What you will do:
A faithful, picture-free copy of the listing below is required.
*** Opening of Given material ***
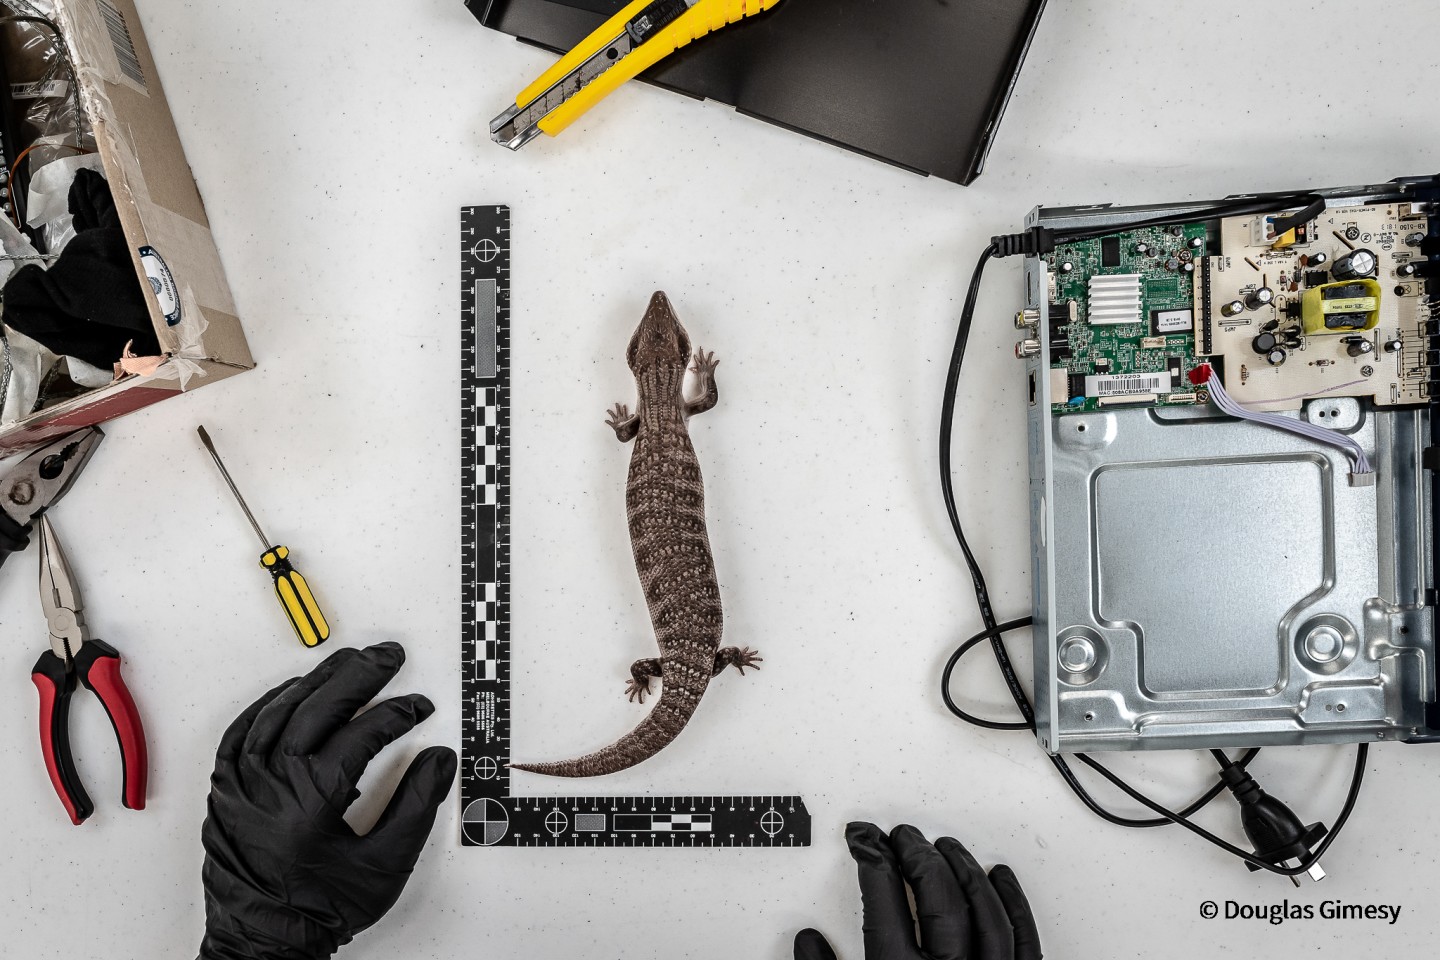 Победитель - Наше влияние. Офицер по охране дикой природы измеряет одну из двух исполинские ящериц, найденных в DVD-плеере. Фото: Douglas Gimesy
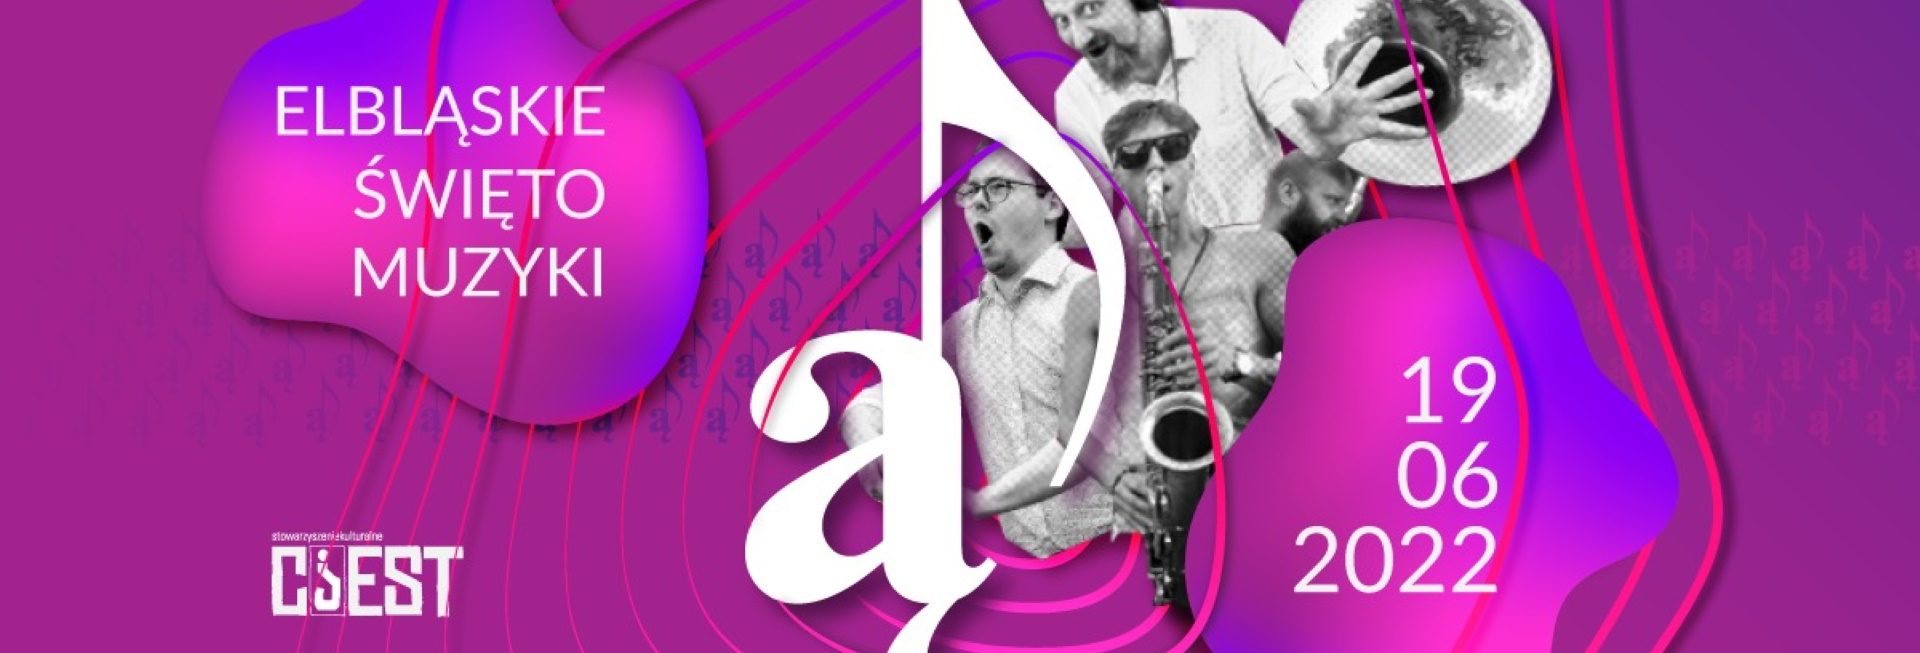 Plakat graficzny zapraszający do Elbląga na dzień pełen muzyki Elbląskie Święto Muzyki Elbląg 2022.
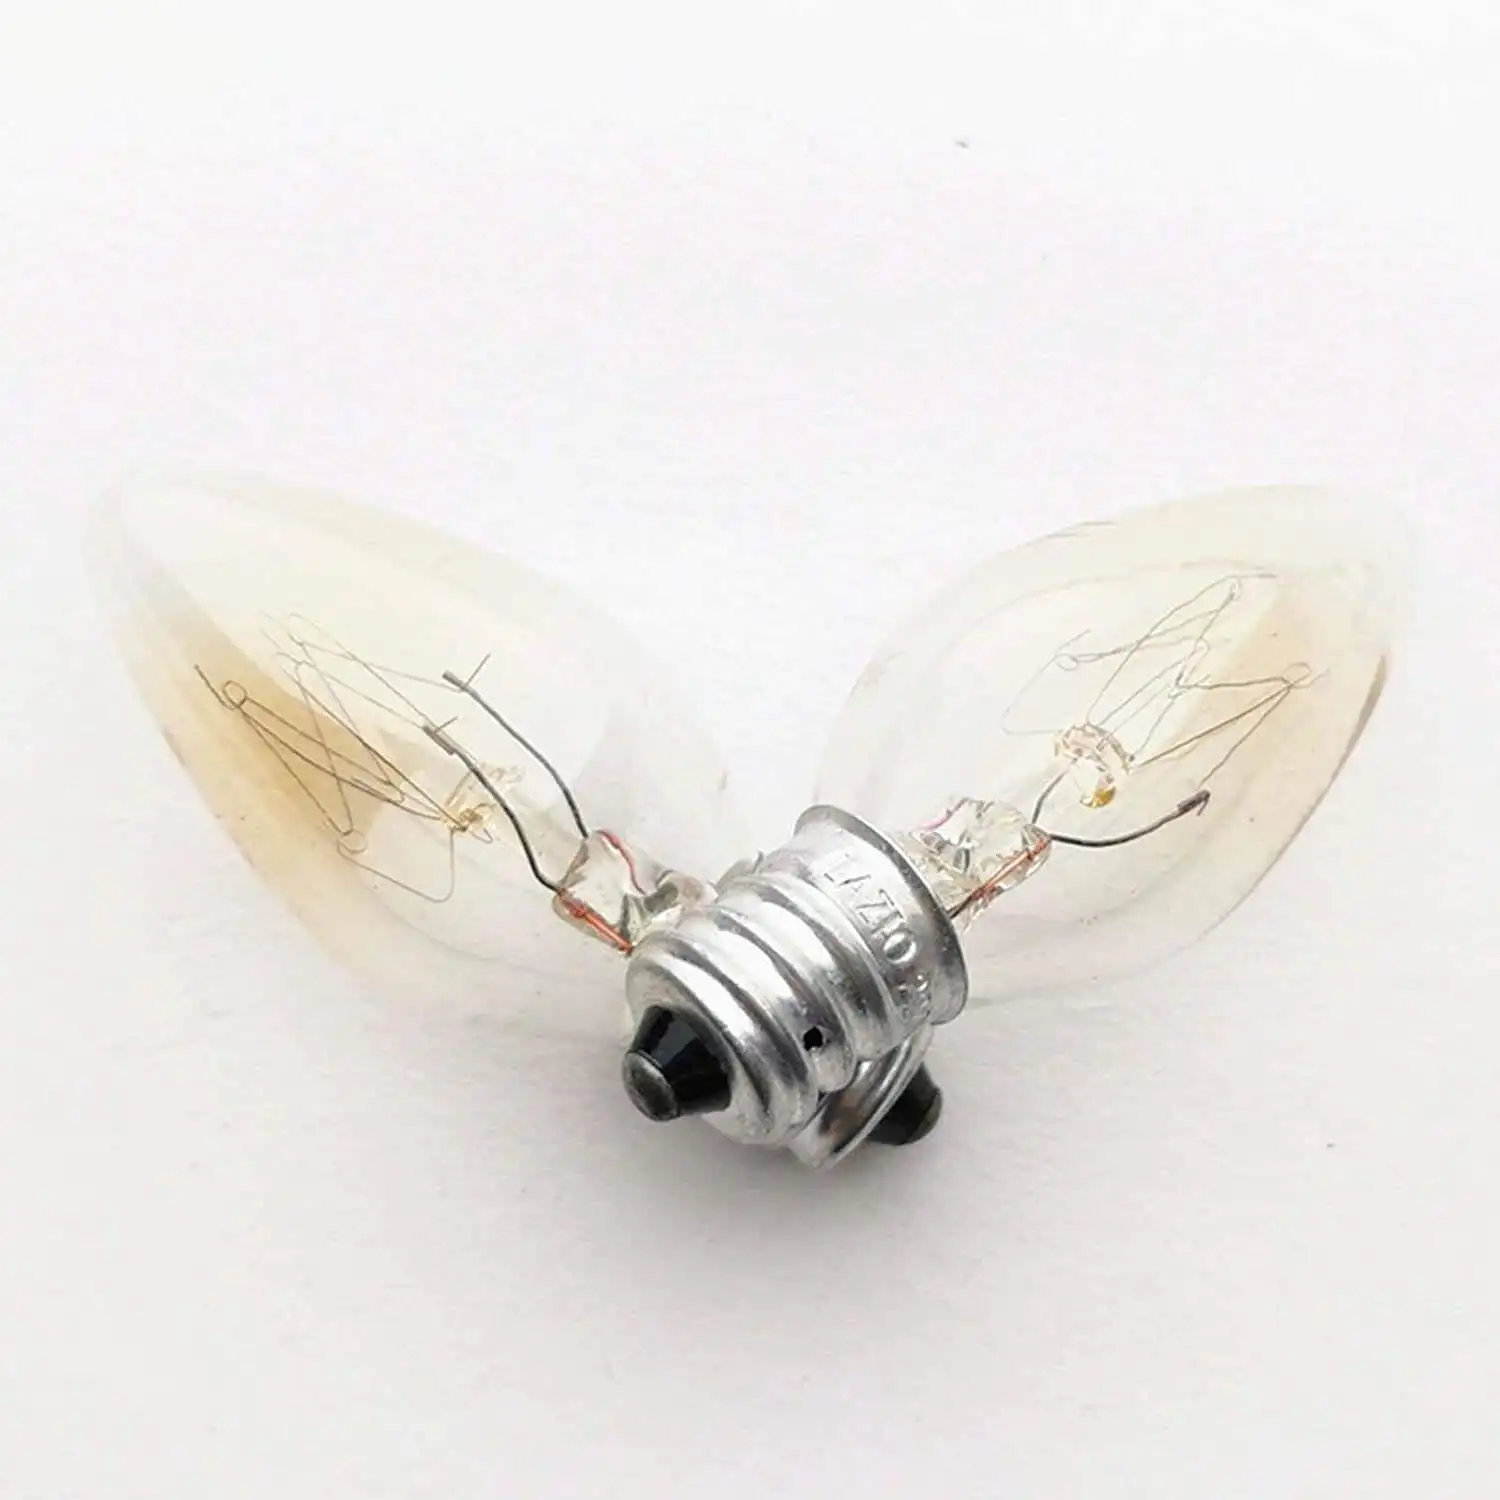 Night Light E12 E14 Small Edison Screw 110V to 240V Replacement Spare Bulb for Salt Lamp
*** Close of Given material ***
The completed task:
 Победитель - Наше влияние. Офицер по охране дикой природы измеряет одну из двух исполинские ящериц, найденных в DVD-плеере. Фото: Douglas Gimesy
 Plakat graficzny zapraszający do Elbląga na dzień pełen muzyki Elbląskie Święto Muzyki Elbląg 2022.
 Night Light E12 E14 Small Edison Screw 110V to 240V Replacement Spare Bulb for Salt Lamp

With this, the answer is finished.